Main article: Prior art

In the context of European and Australian patent law, the term “state of the art” is a concept used in the process of assessing and asserting novelty and inventive step, and is a synonym of the expression “prior art” In the European Patent Convention (EPC), “[the] state-of-the-art shall be held to comprise everything made available to the public by means of a written or oral description, by use, or in any other way, before the date of filing of the European patent application” according to Article 54(2) EPC. Due account should be taken of Article 54(3) EPC as well, but merely for the examination of novelty.

The expression “background art” is also used in certain legal provisions, such as Rule 42(1)(b) and(c) EPC (previously Rule 27(1)(b) and (c) EPC 1973), and has the same meaning.

Tort liability

The state-of-the-art is important in the law of tort liability, specifically in the areas of negligence and products liability. With respect to negligence, “an engineer may defend against a claim of negligence by contending that he met the standards of his profession and the state-of-the-art”. With respect to products liability, manufacturers generally have strict liability for any injury caused by defects in their products. However, in some jurisdictions a manufacturer may raise as a legal defense the assertion that their product represents the “state-of-the-art”, and that the manufacturer therefore could not have made the product any safer in light of the knowledge available at the time. For example, “[u]nder German law, the producer can also raise the state-of-the-art defense: general tort law does not hold him liable if he could not know or discover the defect for lack of fault, and the Product Liability Statute expressly provides for this defense”. This defense is available throughout the European Community under the Product Liability Directive, art. 7(e). Pursuant to this article:

The state-of-the-art defense allows a defendant to be absolved of liability if he can prove that the state of technical and scientific knowledge, at the time when he put the product into circulation, was not such as to enable the existence of the defect to be discovered. The Directive allows Member States to eliminate the state-of-the-art defense, but only Luxembourg, which has little manufacturing industry, has done so.

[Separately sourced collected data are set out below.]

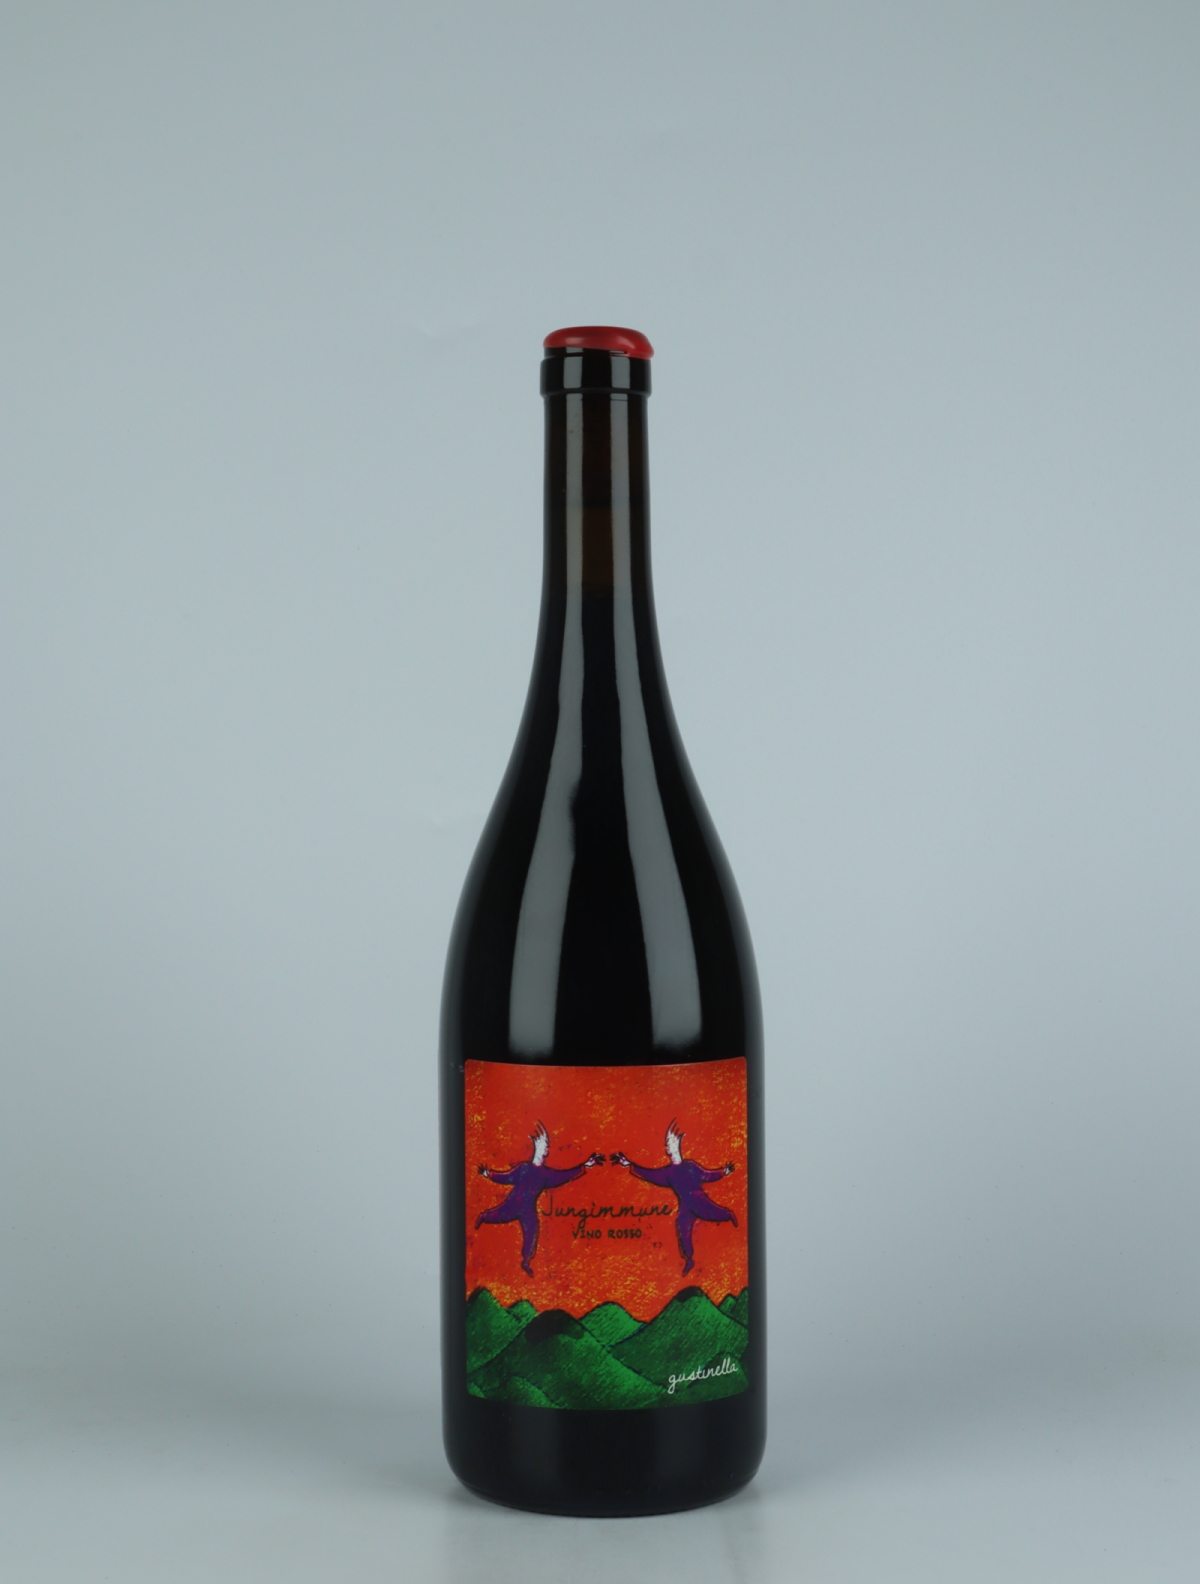 En flaske 2021 Jungimmune Rosso Rødvin fra Gustinella, Sicilien i Italien
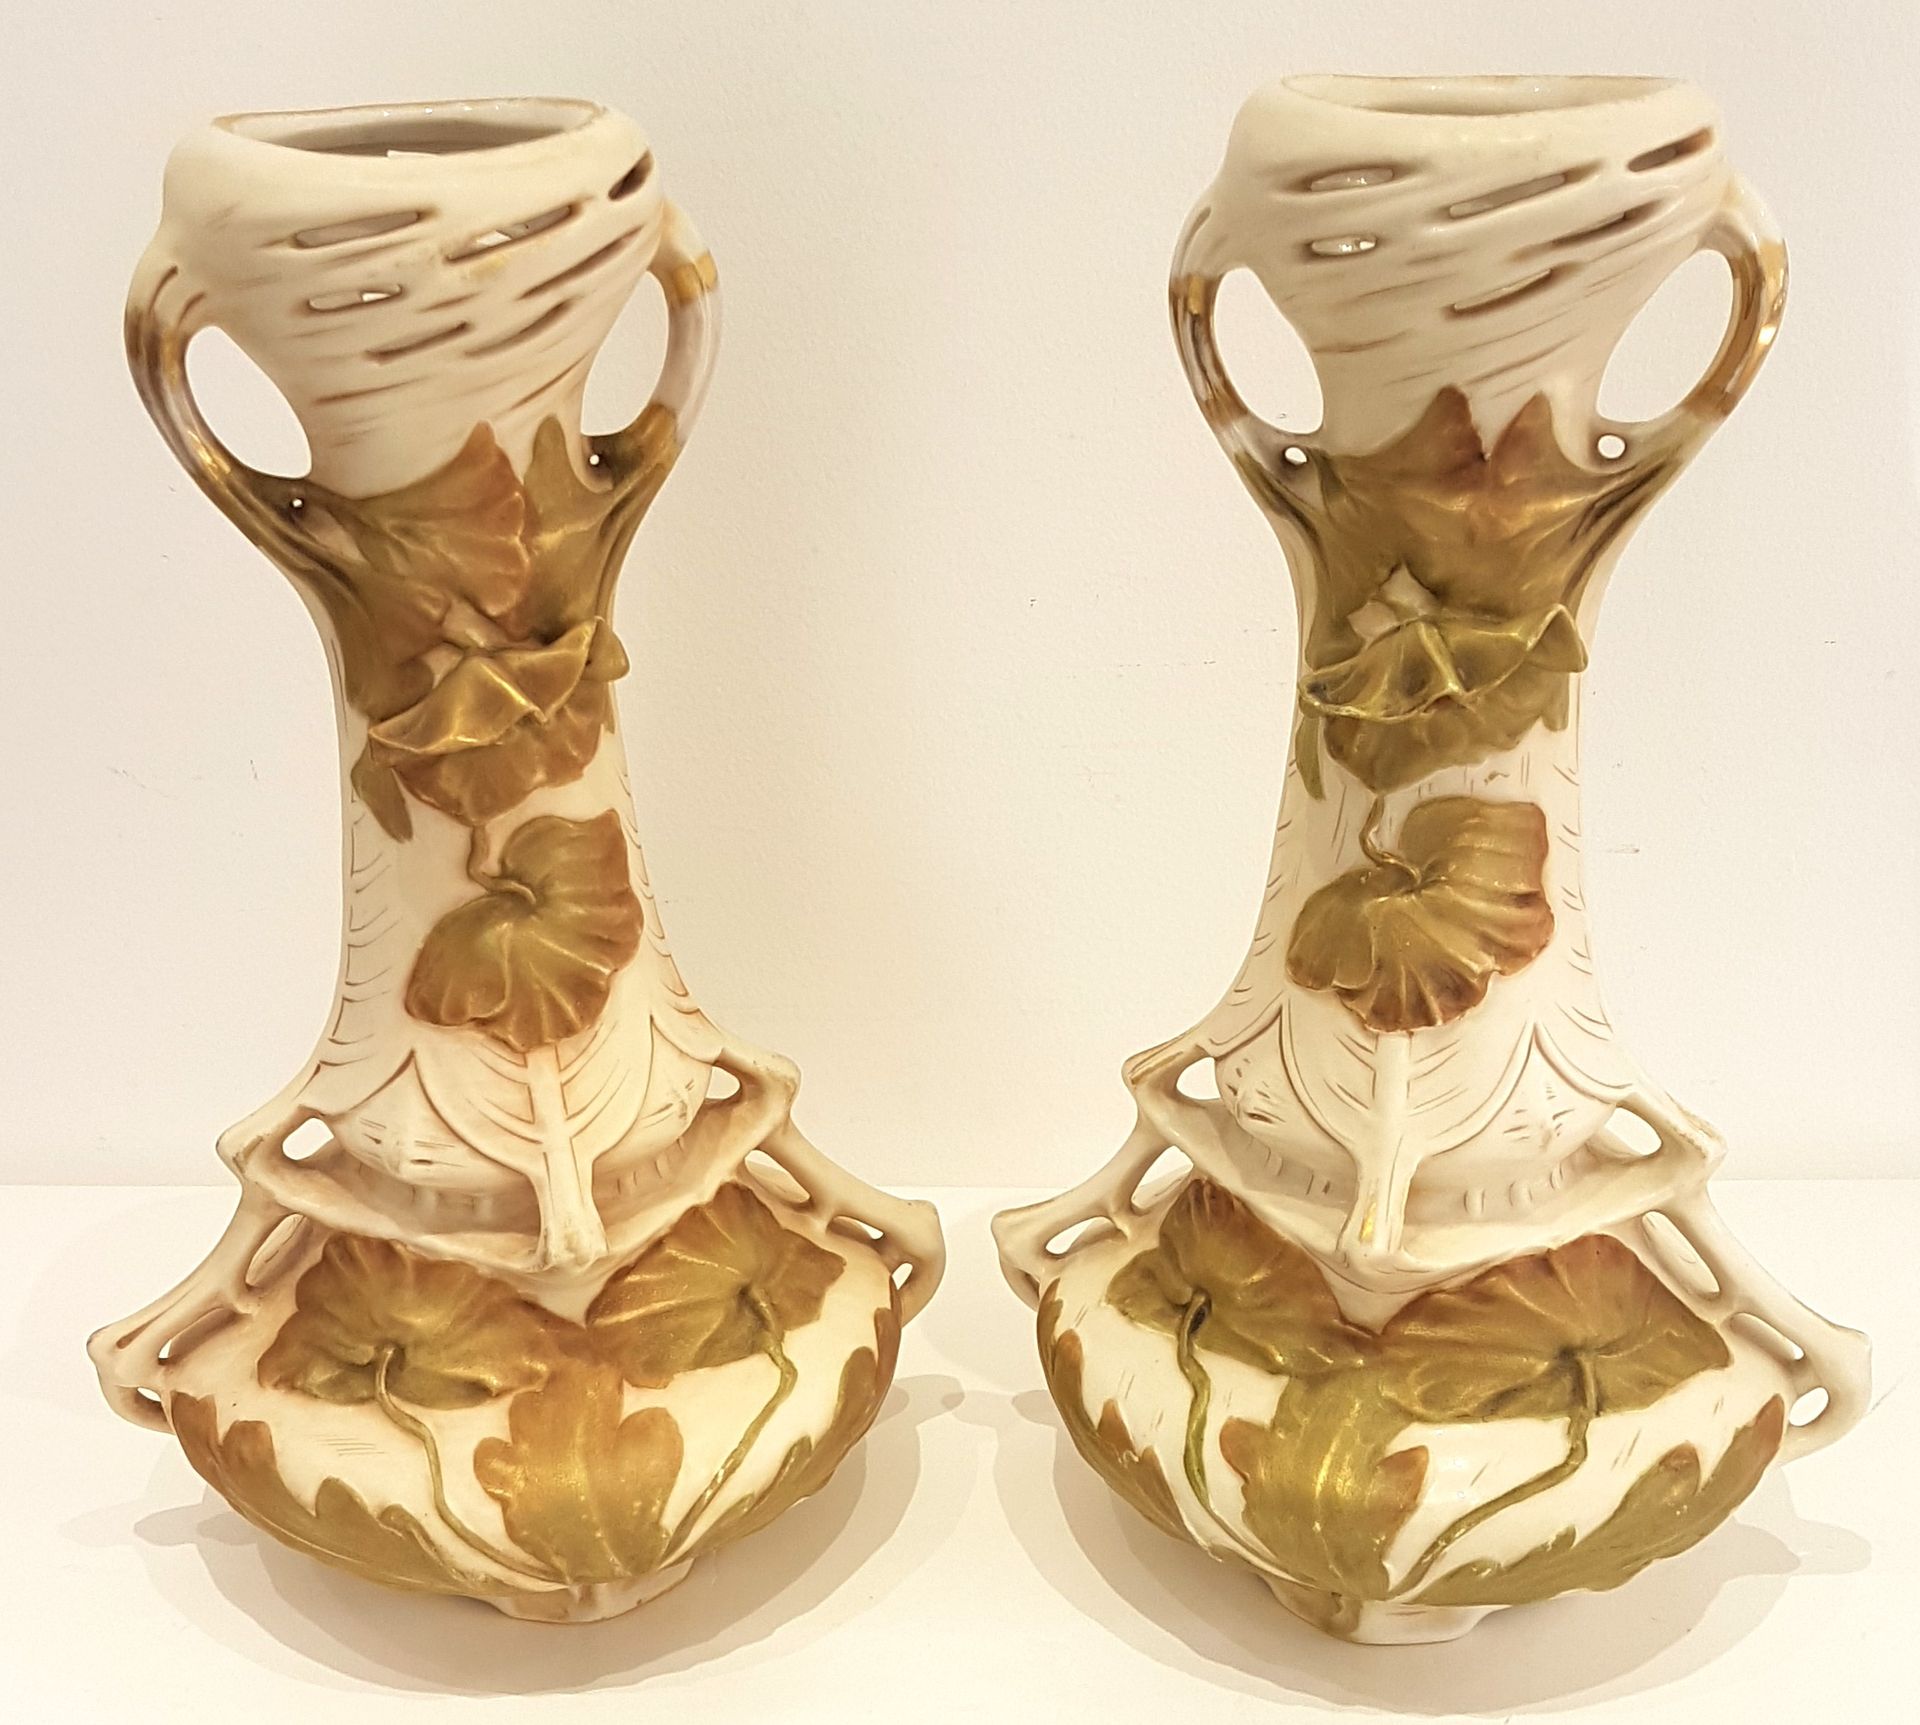 Null ROYAL DUX，一对奶油色模制饼干高颈花瓶，饰以镀金树叶和罂粟花
底部有标记和编号 
约 1900 年
H.34 厘米
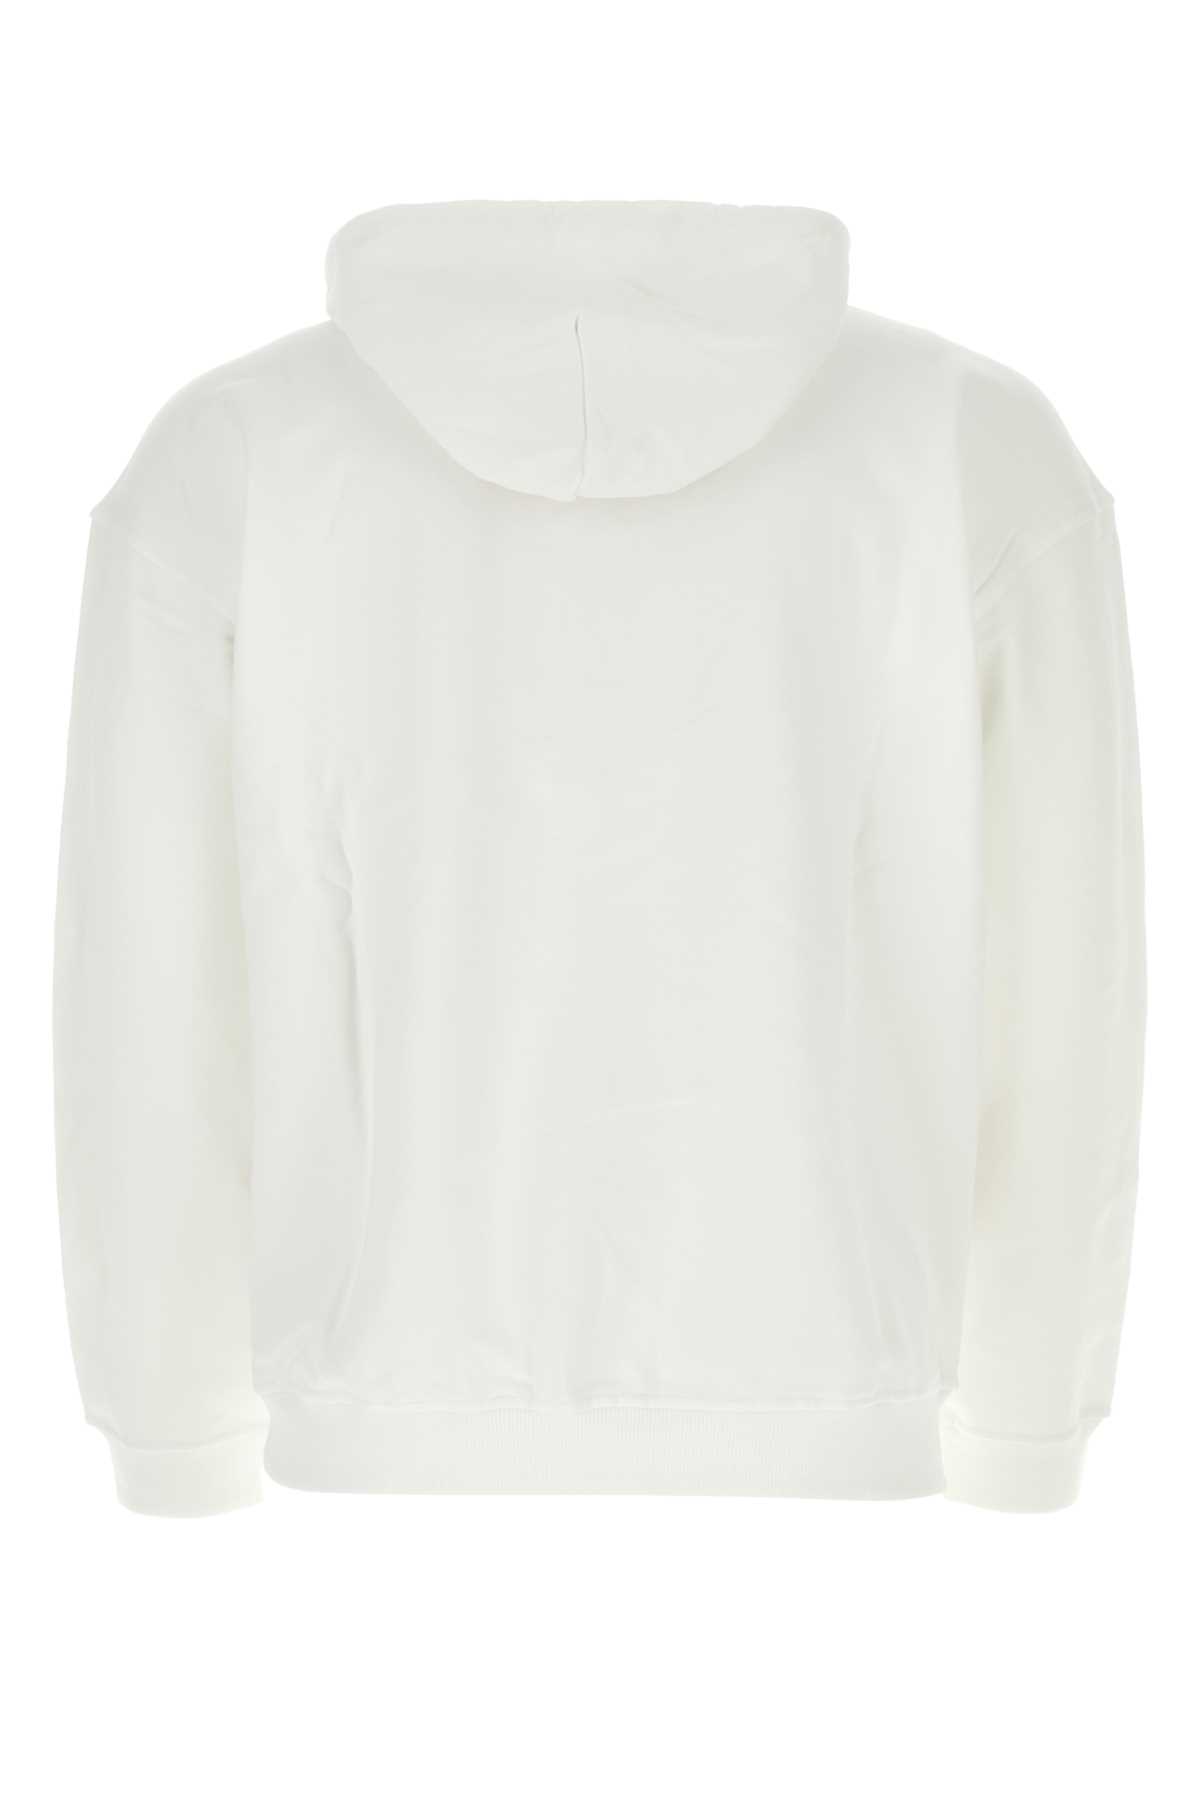 Diesel White Cotton Sweatshirt In 100

In the United States, the state of an industry is “merely evidence of due care rather than a controlling factor”, but a number of states have State-of-the-Art statutes that “make a manufacturer’s compliance with technological feasibility an absolute defense to a products liability suit”. Because the state-of-the-art is constantly advancing, the ability of manufacturers to claim that their products are “state-of-the-art” tracks their potential liability when these products are defective.
As an industry journal explained in the 1980s : Remote control rear view mirrors, disc brakes, automatic slack adjusters for drum brakes and sealed lighting systems are just a few examples of products that have advanced the state-of-the-art. When one of these gains a degree of industry acceptance, it begins to bridge a legal gap between what is state-of-the-art from a design standpoint, and what is state-of-the-art from a usage standpoint. This could place a carrier in a vulnerable position in the not too distant future.